I just wish so many teachers weren't so damned frustrating.

The tagline for one particular blog is "Burn The Textbooks, Shred The Worksheets, Teach Math," which is a sentiment I can follow, albeit cautiously. There is certainly nothing sacred about a textbook if you are replacing it with superior material, ideas and learning. Some things seemed childish, as if they were geared towards a young audience, but that's all right. I like to see what elementary students are learning, to get a sense of the state of the art in the lower grades, so I kept looking.

This guy, though, strikes me at first glance as a pretentious moron and I find myself wondering how I got to this one in the first place ... whose blogroll contained him? He seems to always be pitching his lesson plans for sale and that rubs me the wrong way. I can forgive if the quality is there, but then he posts this kind of thing (Learning the Number System with Maps) and you wonder ...

Anyway, I threw his blog into Google reader a week or so ago and I think he just earned his way into the joke folder.

My college students were offered extra credit for producing a hands on math project on one of the following themes. 1) The Real Number System 2) The Commutative, Associative or Distributive PropertiesAnd then I looked at the pictures posted with it.

1. | 2. | 3. |

4. | 5. |

As projects by college students, they are poorly thought out and suffice only as examples of their own math illiteracy. As extra credit, I'd consider them as negative value work in that I'd actually reduce grades for trying to pass this off as worthy of a child's time. If these people are supposed to become teachers, I shudder at the implications for their prospective schools. Do they truly know so little? Is this their best work or merely a toss-off handout meant to glean a couple of points from a gullible and not-too-attentive professor? Does the professor not know the problems?

Now, I understand that I may have misunderstood the purpose of the assignment and that these students may have intentionally written incorrect examples, confusing or obfuscated instructions, or created Venn diagrams and graphic organizers that intentionally make incorrect mathematical points.

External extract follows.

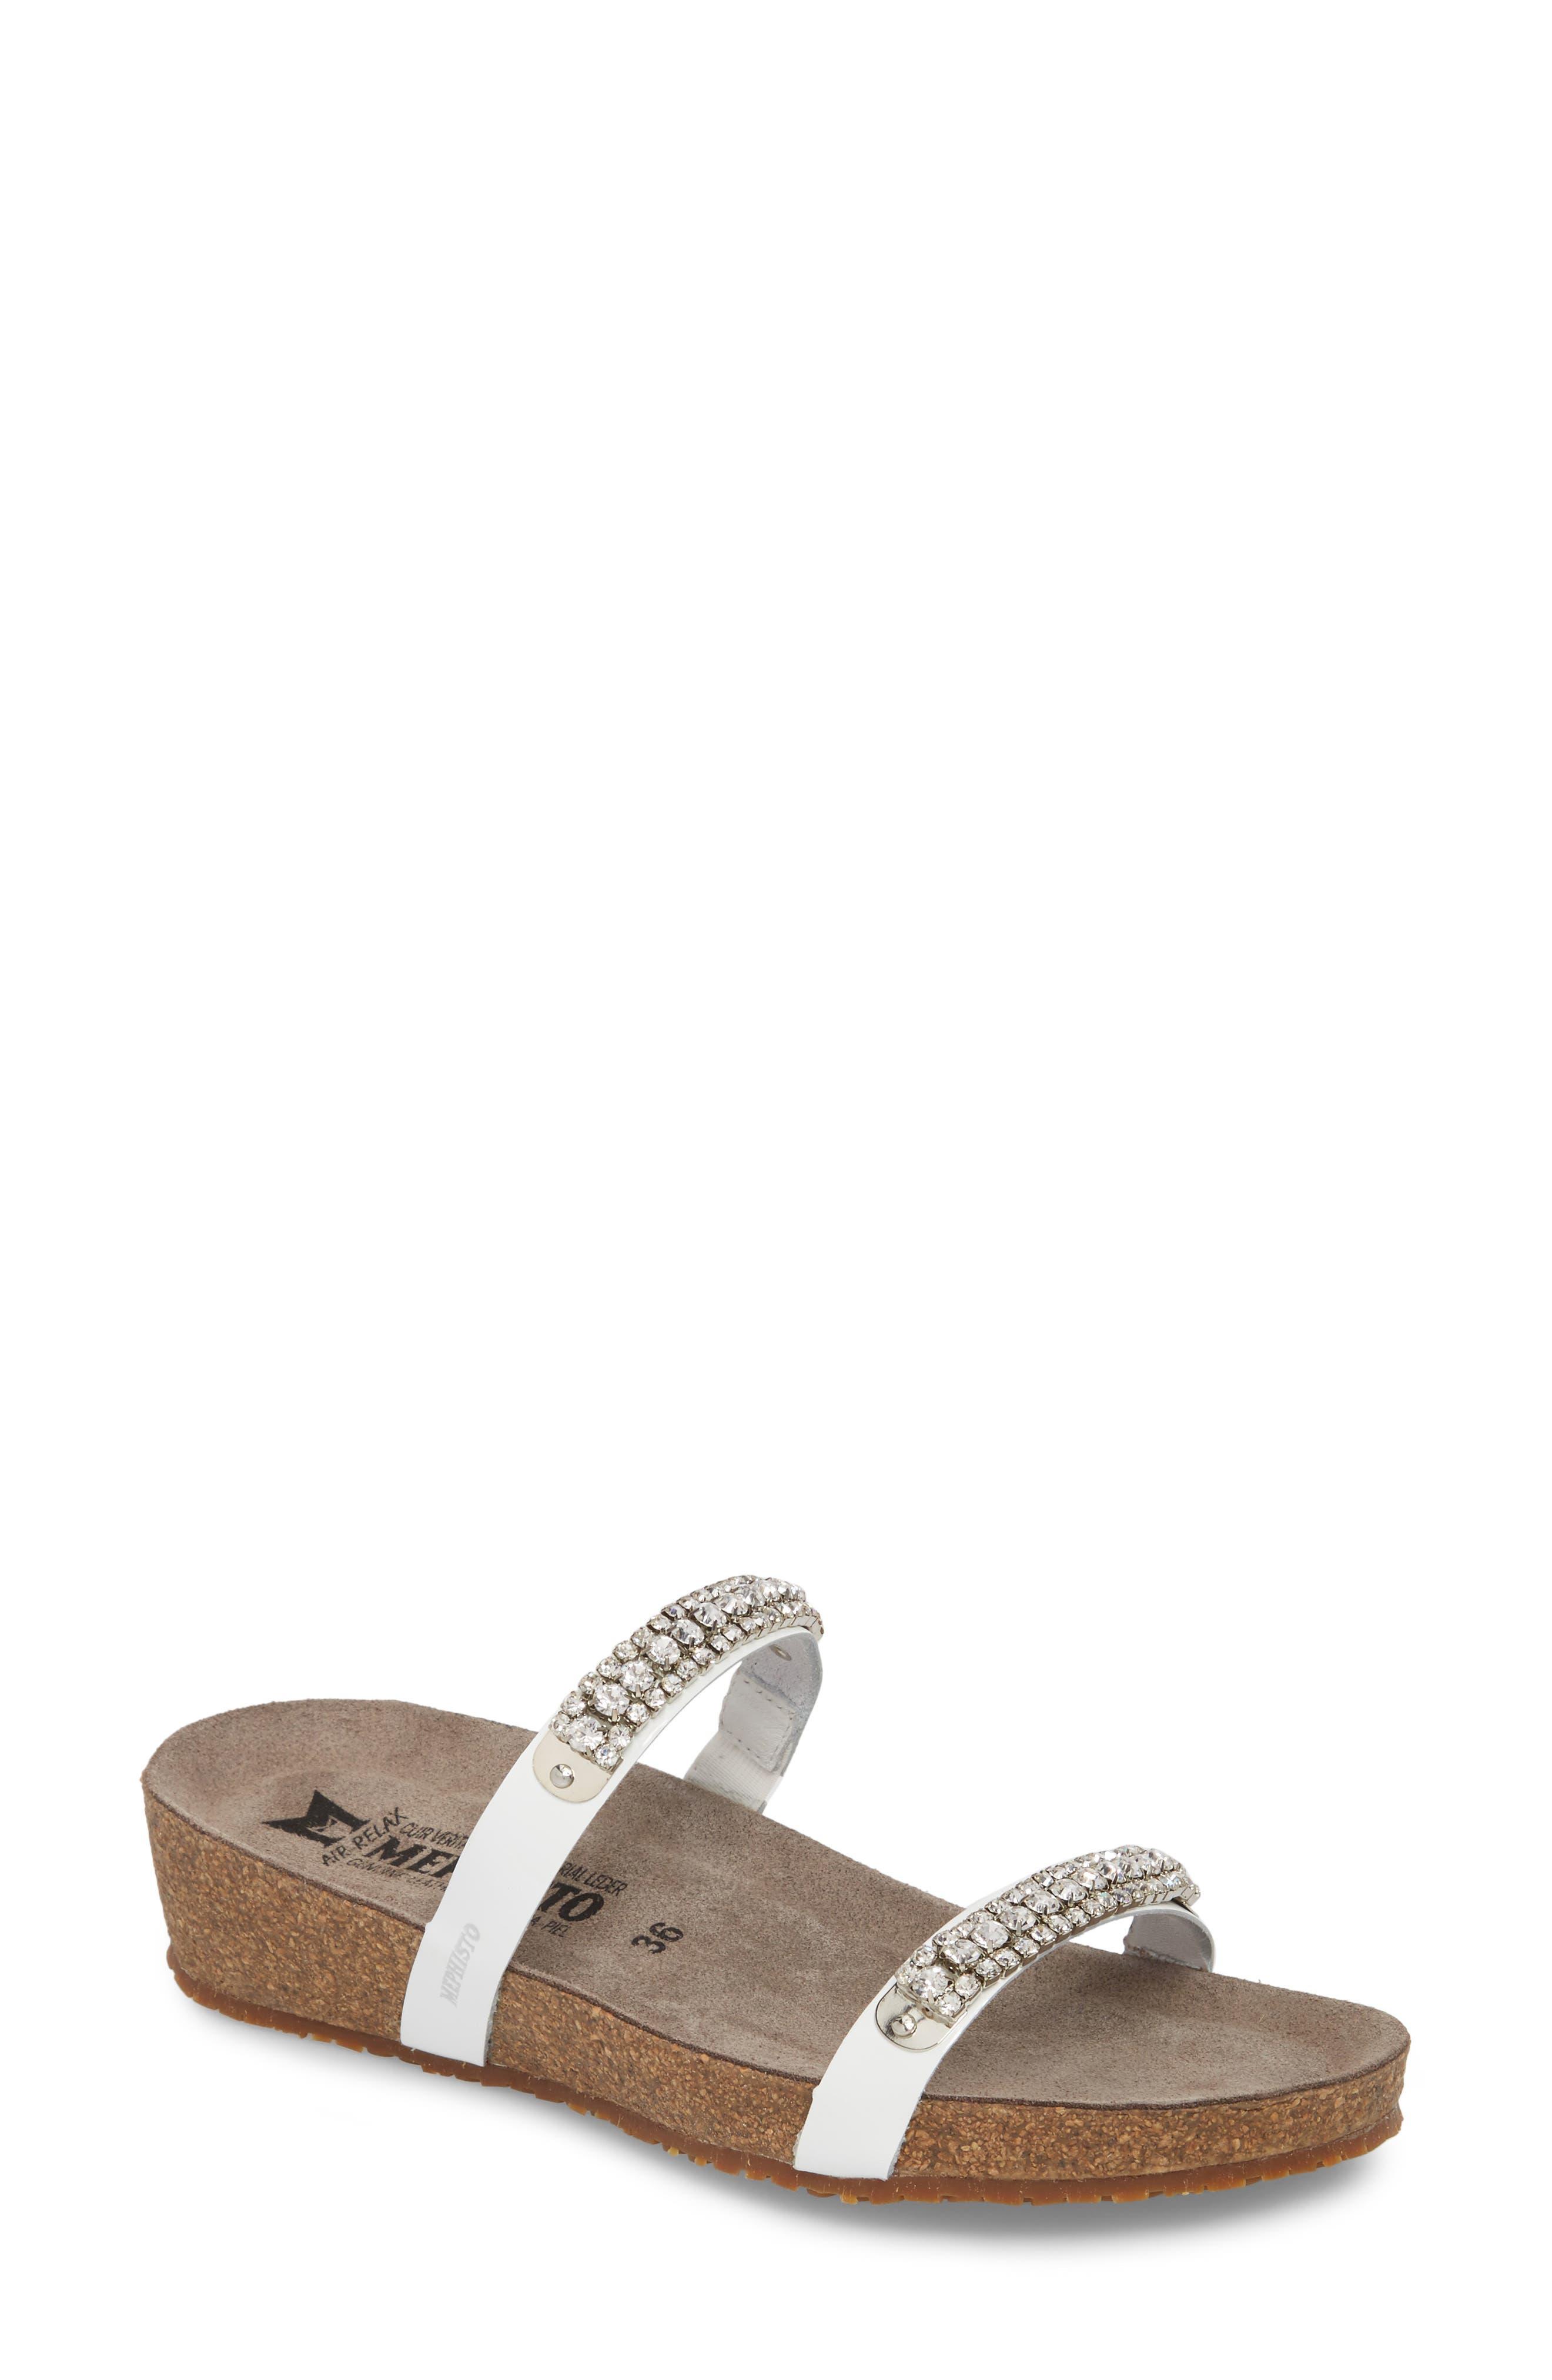 'Ivana' Crystal Embellished Slide Sandal,                             Main thumbnail 1, color,                             White Patent

Nothing in the post or in the pictures above, however, makes that clear or explains why such dreck is worthy of extra credit, a concept with which I rarely agree.

On its face, extra credit is a silly idea. Doing something unrelated to fractions in order to improve a grade on fractions seems antithetical to the idea of a grade being a numerical representation of a student's understanding and knowledge. Show me later that you understand this work better than you did the first time and I'll increase your grade on it. Doing something like washing teachers' cars for extra credit is outright bribery -- ethically, it's equivalent to accepting cash.

If anyone reading this is a teacher prospect and is wondering what I find so problematic about the above images, let me be clear that I am making these comments without knowing any more than the post and the images.

1. The butterfly graphic organizer bothers me. Before creating this, the teacher must be clear in his mind exactly what color, shape, represents what type of number and know the definitions of each. If a rational number, $\sqrt{100}$ is placed in a green region as are the irrationals like $\sqrt{19}$, students will assume that irrationality is exclusively determined by a square root. Does the teacher candidate not realize that 10 is rational. Secondly, if there are no irrationals without radicals, will the viewer understand the nature of π or φ? If the teacher does not know himself ...

By my count, 5 of the greens are rational but I may not have found them all. Finding them would make a good lesson but it's one that seems to have been lost on the constructor.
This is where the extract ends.